What privacy statements for e-commerce are obligatory in 2015

     
2:01 am on Jul 21, 2015 (gmt 0)

Senior Member

WebmasterWorld Senior Member whitey is a WebmasterWorld Top Contributor of All Time 10+ Year Member Top Contributors Of The Month

joined:Jan 28, 2005
posts:3072
votes: 27


Here's a fast forward from a lot of old posts here on Webmasterworld regarding privacy policies which are getting out-dated.

Lot's has changed in more recent times.
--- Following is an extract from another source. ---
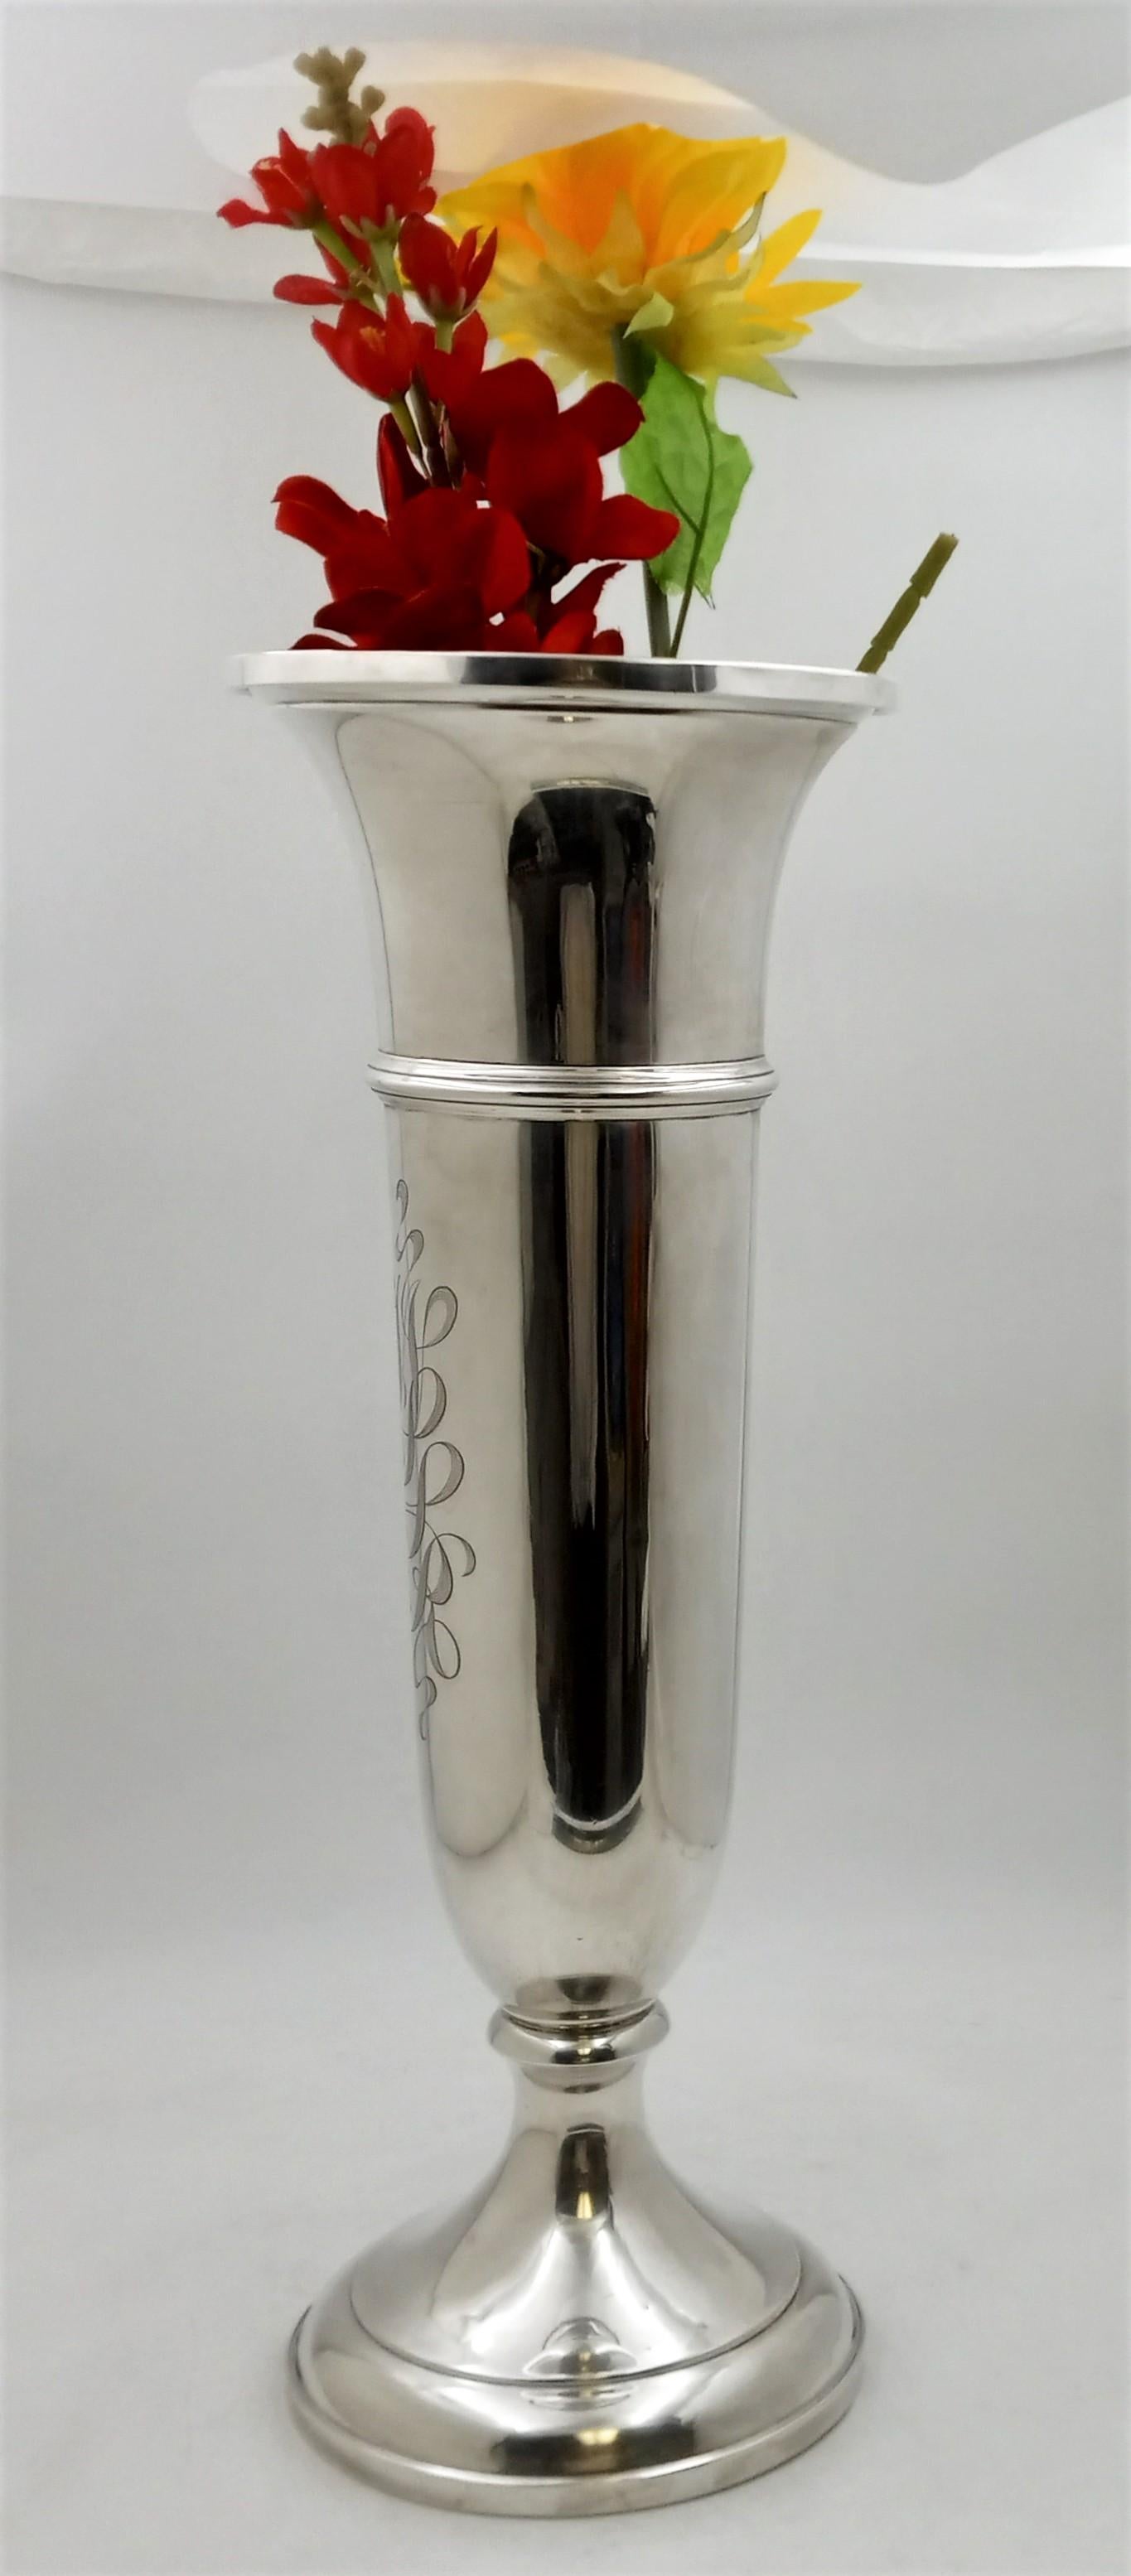 Black, Starr & Gorham sterling silver trumpet vase in palace size. Very majestic in its proportions, it displays a beautiful monogram and a gadrooned rim around the body. It measures an impressive 21 3/4'' in height by 8'' in diameter at the top, is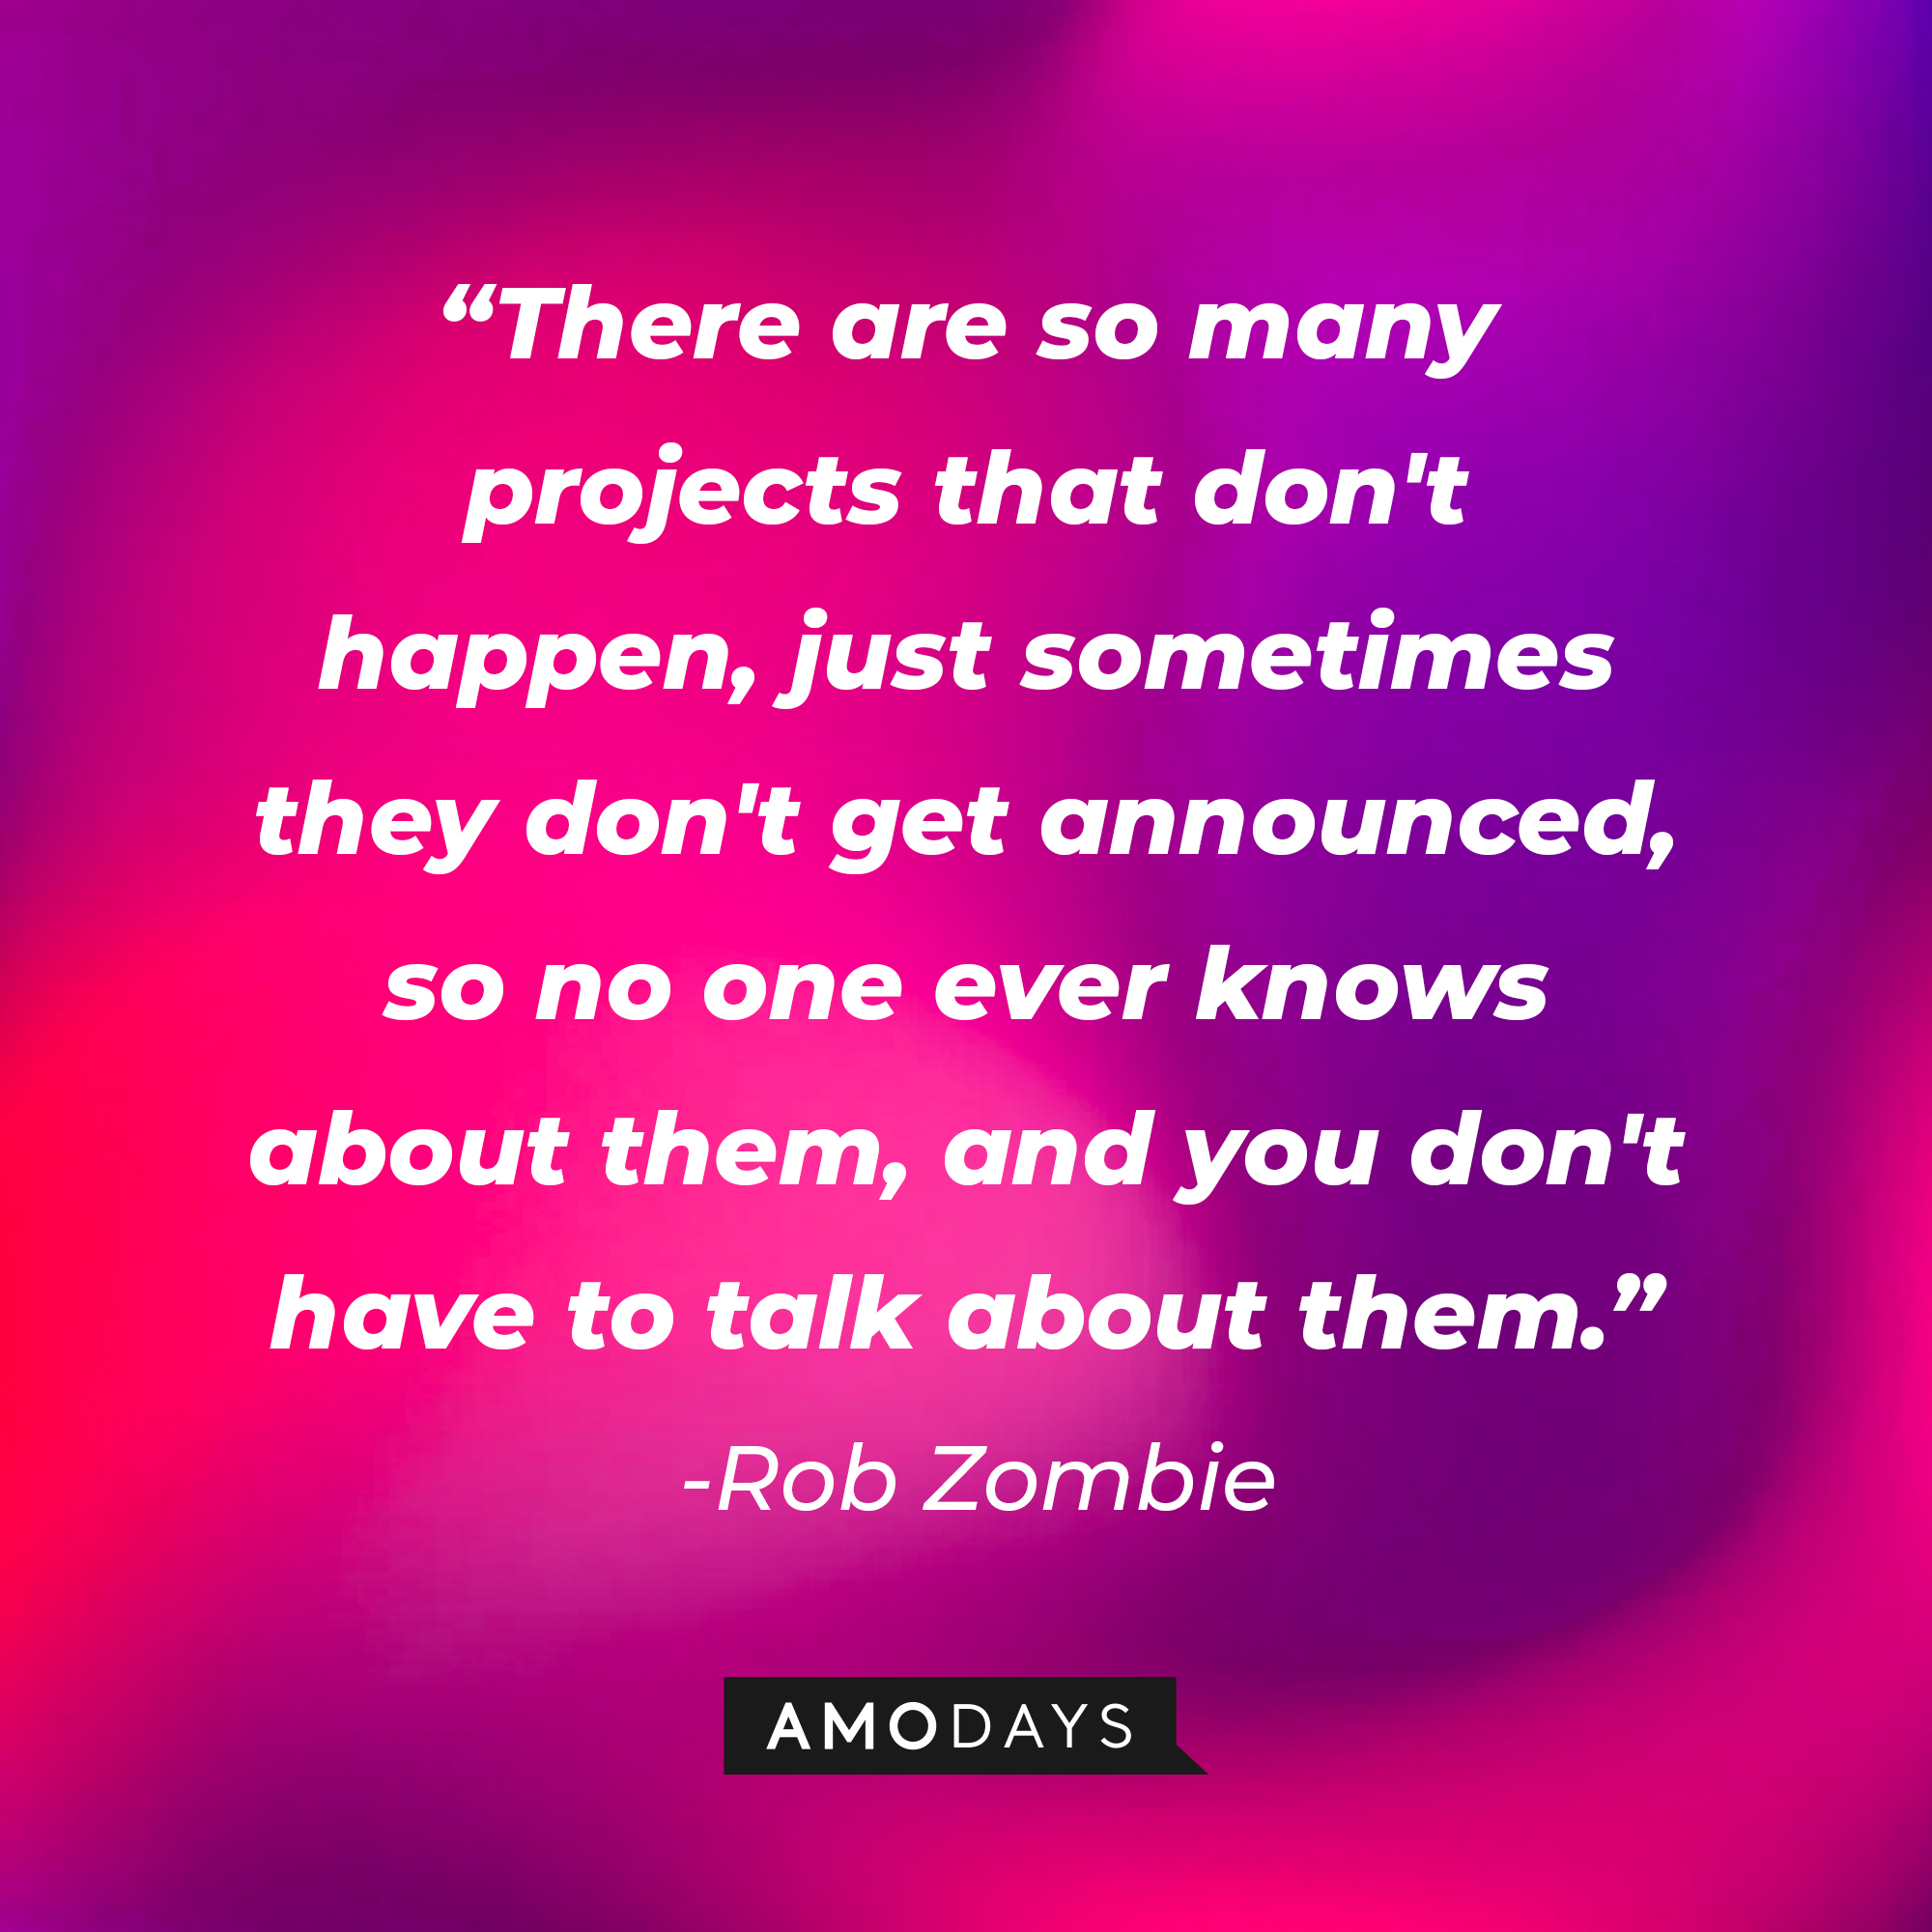 Rob Zombie's quote "There are so many projects that don't happen, just sometimes they don't get announced, so no one ever knows about them, and you don't have to talk about them." | Source: AmoDays

Social plugin's, login data, remarketing, use of data, geo data, cookies, SSL requirements with affiliates etc etc.

Can we get some good Q & A going on what's in , what's out, what's changed, and reference points for e-commerce websites.

Maybe a good start is to name the best resource for a privacy statement template that's user friendly. Then review and open up some discussion. Thoughts ?
2:14 am on July 21, 2015 (gmt 0)

Senior Member from US 

WebmasterWorld Senior Member tangor is a WebmasterWorld Top Contributor of All Time 10+ Year Member Top Contributors Of The Month

joined:Nov 29, 2005
posts:9033
votes: 752


None will be "user friendly" and you start with the old ones... take nothing out, just add in all the new stuff (and if EU area, probably an advisory on use of cookies and site tracking, and they have to OPT IN to allow those...) and go from there.

Also might be helpful to remind all that the governments of nearly all internet connected powers have their own survelliance and monitoring techniques, which you do ot use, but cannot shield the visitor from (NSA, FBI, the equivalents in UK, France, Germany, Iran, China, Brazil and on and on...) And the user need be aware that their own ISP is tracking their internet usage, though you, again, have no control over that behavior.

Some of that is over the top.... but then again, maybe not so much.

You can only deal with the privacy concerns regarding YOUR site/activity with the user. That's all you have control over. If your user is surfing with JS enabled, their activity on your site will be reported to a third party.... somewhere.
8:12 am on July 22, 2015 (gmt 0)

Senior Member

WebmasterWorld Senior Member whitey is a WebmasterWorld Top Contributor of All Time 10+ Year Member Top Contributors Of The Month

joined:Jan 28, 2005
posts:3072
votes: 27


Is an address an obligatory contact requirement, or will an email contact be enough for most jurisdictions ?
7:21 pm on July 22, 2015 (gmt 0)

Senior Member from GB 

WebmasterWorld Senior Member piatkow is a WebmasterWorld Top Contributor of All Time 10+ Year Member Top Contributors Of The Month

joined:Apr 5, 2006
posts:3451
votes: 61


Will also vary between sole traders and limited liability companies
8:21 pm on July 22, 2015 (gmt 0)

Senior Member from US 

WebmasterWorld Senior Member tangor is a WebmasterWorld Top Contributor of All Time 10+ Year Member Top Contributors Of The Month

joined:Nov 29, 2005
posts:9033
votes: 752


Ultimately7, your jurisdiction counts first, then all the others.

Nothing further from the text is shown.